WORK INSTRUCTION: The answer should be every line below, repeated exactly, with the images left out.

DATA:
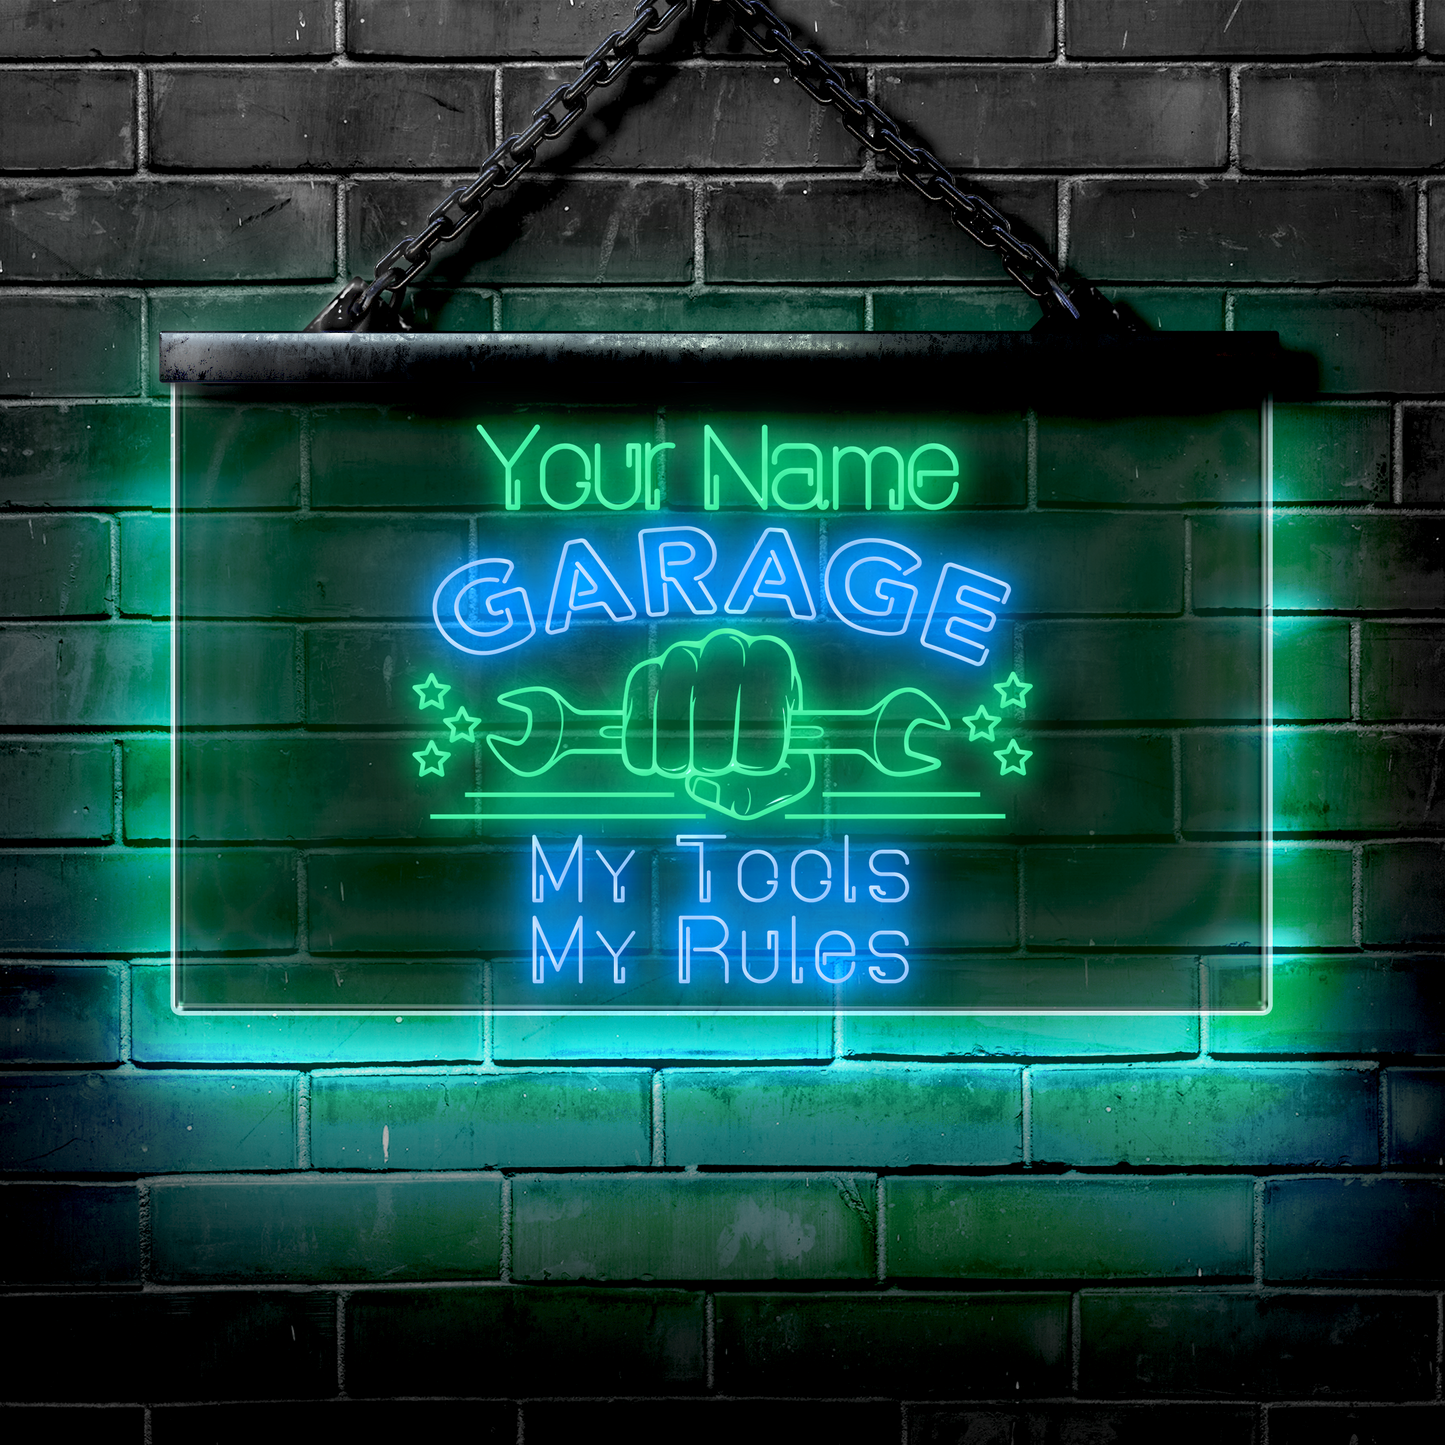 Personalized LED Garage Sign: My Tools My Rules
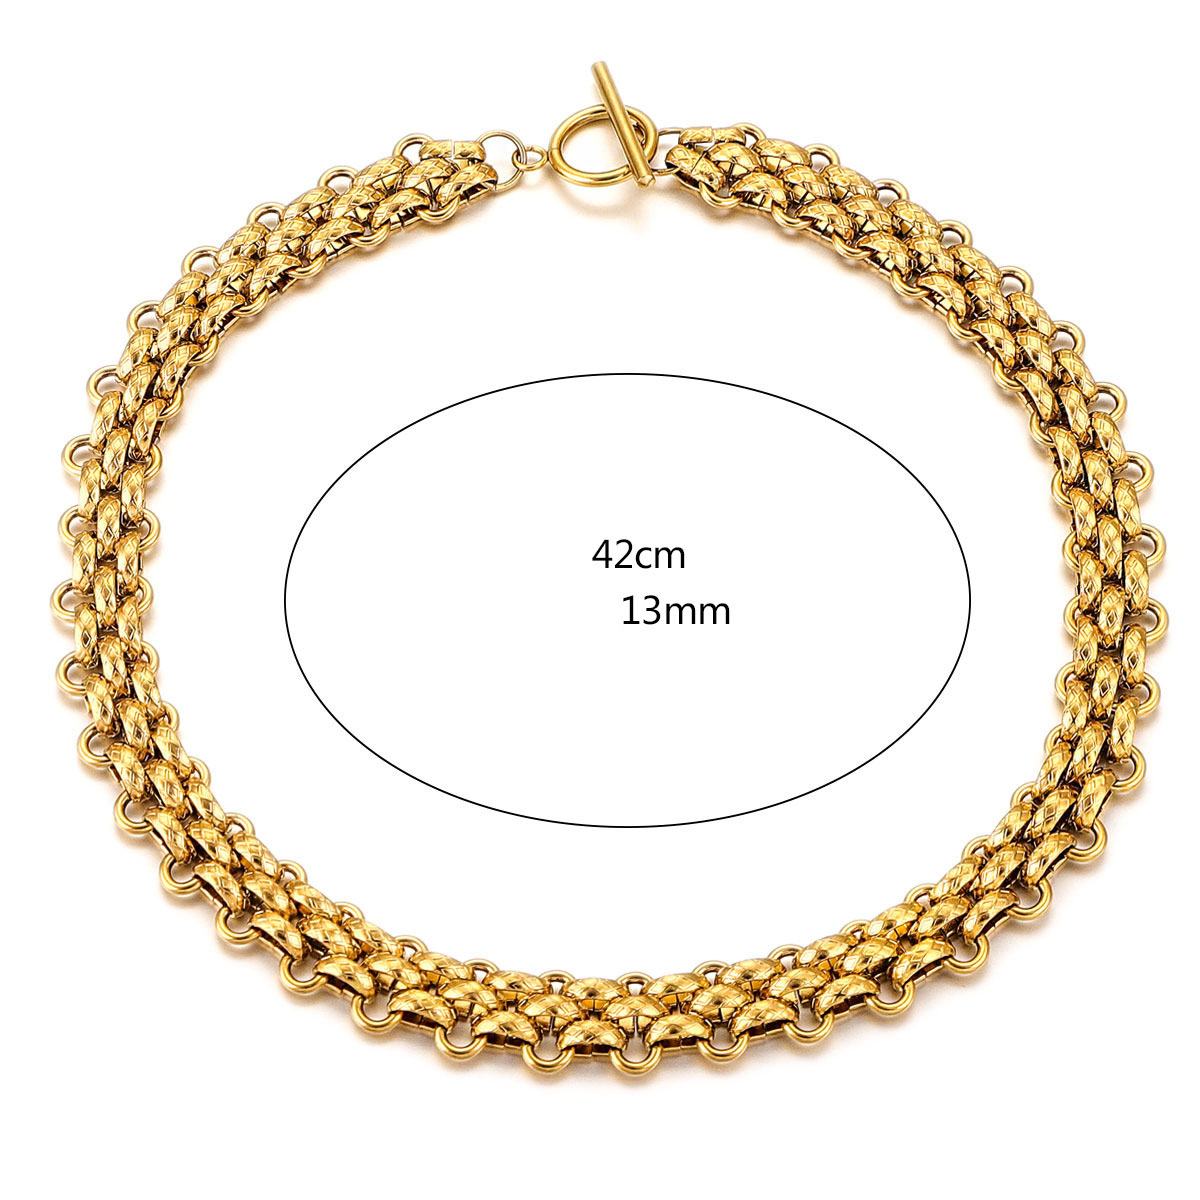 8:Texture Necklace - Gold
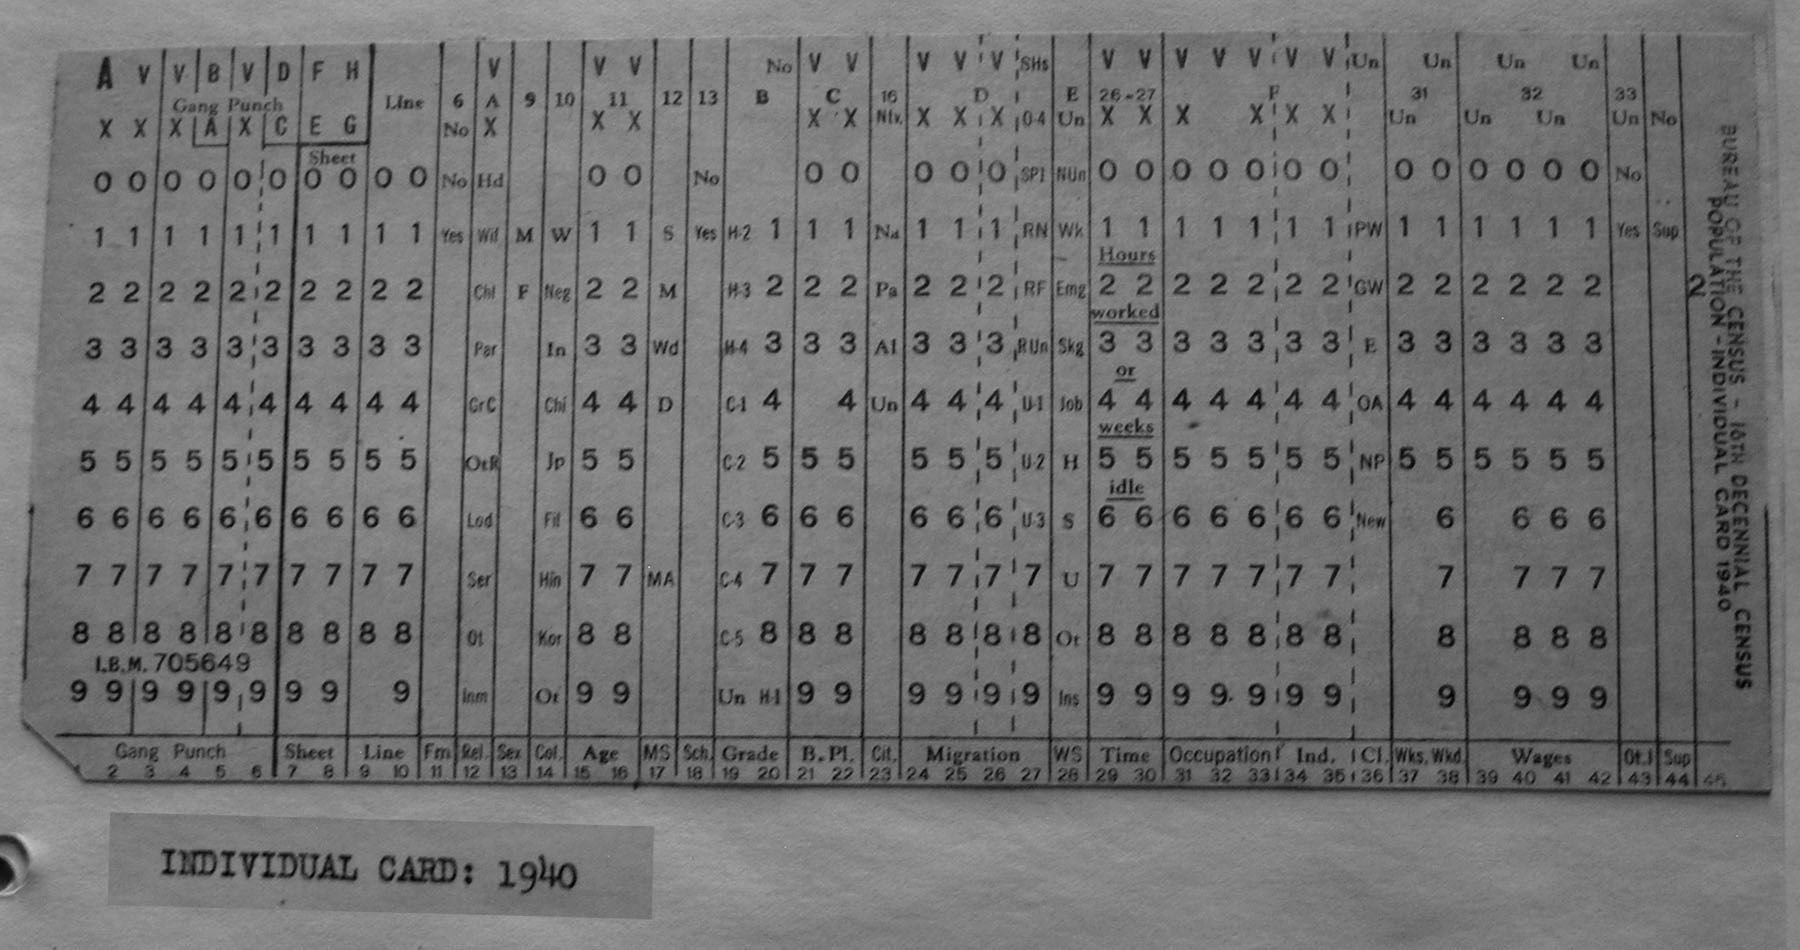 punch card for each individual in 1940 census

SOLUTION:
 Personalized LED Garage Sign: My Tools My Rules
 8:Texture Necklace - Gold
 punch card for each individual in 1940 census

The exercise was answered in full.